The input data is video data and
The plurality of recognition engines are different from each other and
Object recognition engine based on RGB images,
Motion recognition engine based on optical flow and / or
The recognition program according to any one of claims 1 to 6, wherein the computer functions so as to be one of the joint recognition engines of a person based on skeleton information.

In a recognition device that estimates context from input data using multiple recognition engines
A selection engine that selects a recognition engine for the input data to be estimated using the learning model learned from the teacher data that associates the input data with the identifier of the recognition engine, and outputs the input data to the selected recognition engine. When,
It has a recognition score determination means that determines a recognition engine whose recognition score calculated by the recognition engine is equal to or higher than the recognition threshold for the input data, and feeds back the identifier of the recognition engine to the selection engine.

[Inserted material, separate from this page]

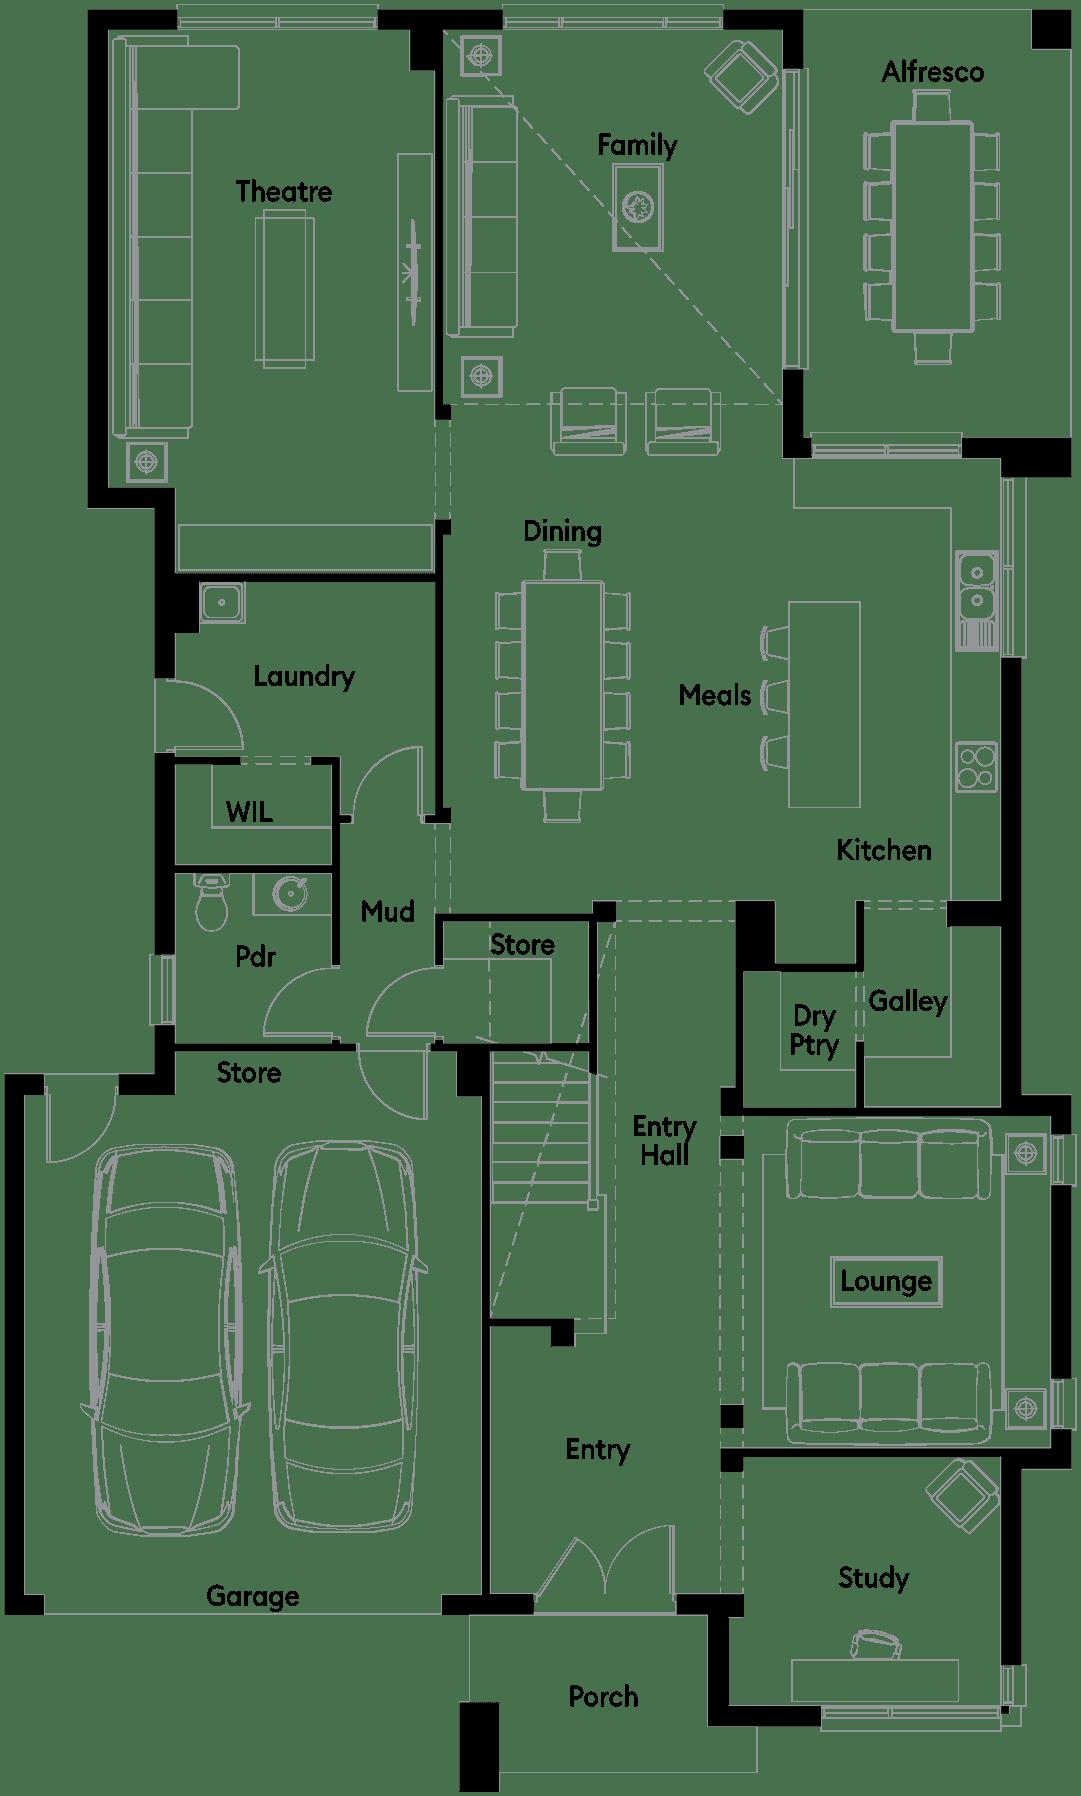 FloorPlan1_HOUSE847_Astor-Grange_46-01
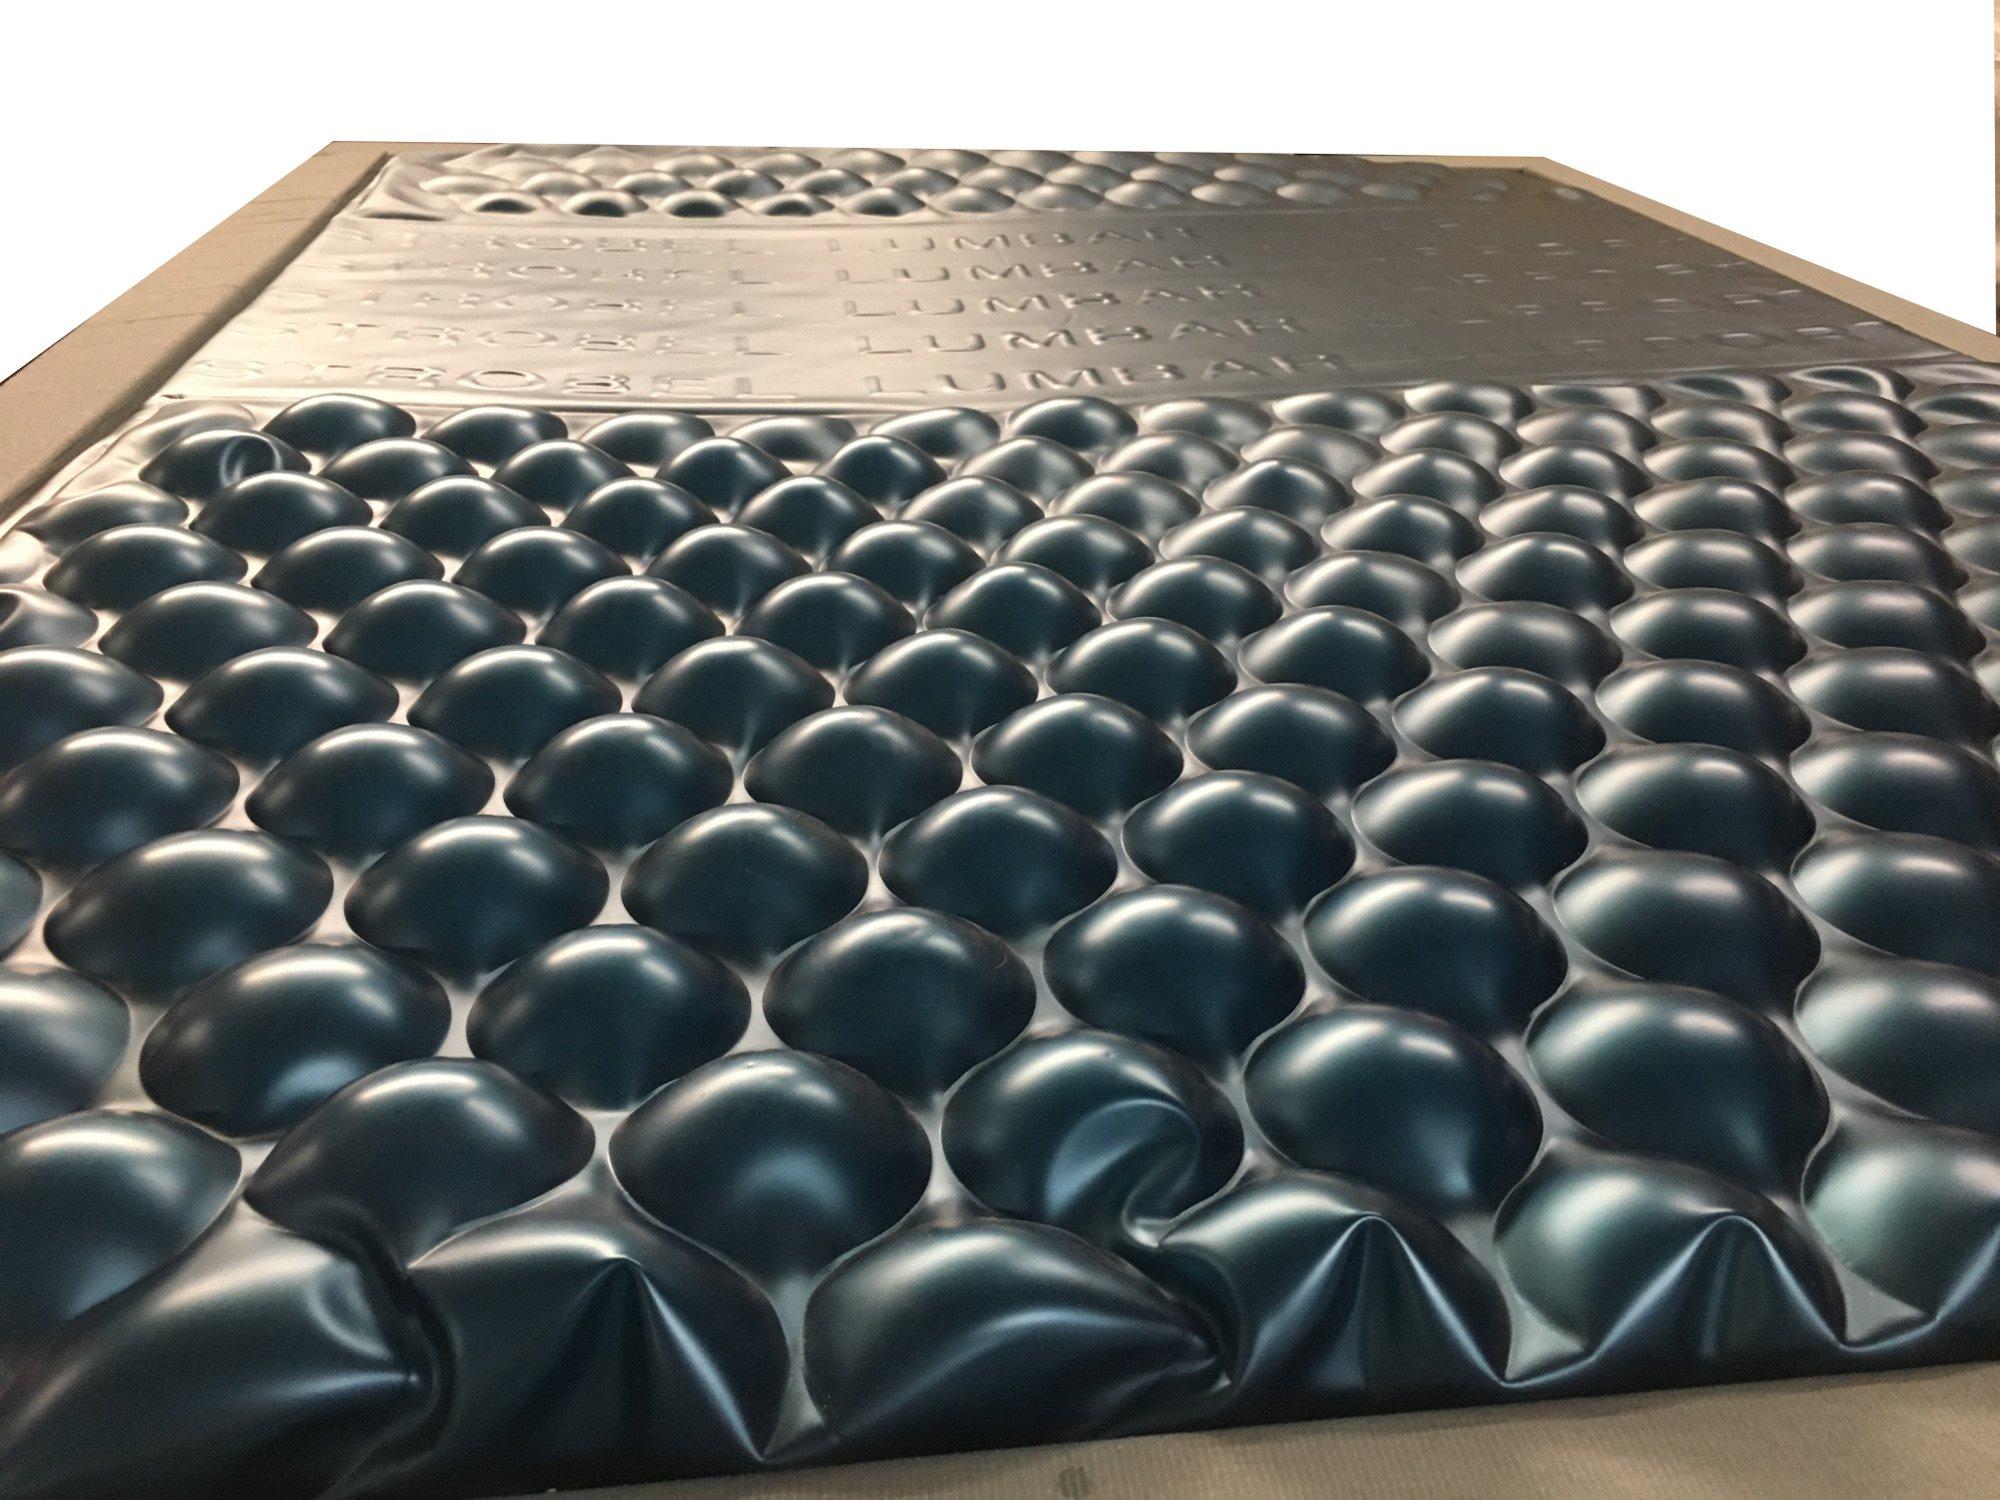 Strobel Organic Aspen Complete Waterbed 5 Board Vinyl Upholstered Black Vinyl King by Strobel Organic

The selection engine is a recognition device characterized in that the learning model is relearned by the teacher data in which the input data and the feedback identifier of the recognition engine are associated with each other.

In the recognition method of the device that estimates the context from the input data using multiple recognition engines,
The device is
Using the learning model learned by the teacher data that associates the input data with the identifier of the recognition engine, the recognition engine for the input data to be estimated is selected, and the input data is output to the selected recognition engine. Steps and
The second step of determining the recognition engine whose recognition score calculated by the recognition engine for the input data is equal to or higher than the recognition threshold, and
A device characterized in that a third step of re-learning the learning model is executed by teacher data in which the input data is associated with the identifier of the recognition engine determined to be true by the second step. Recognition method.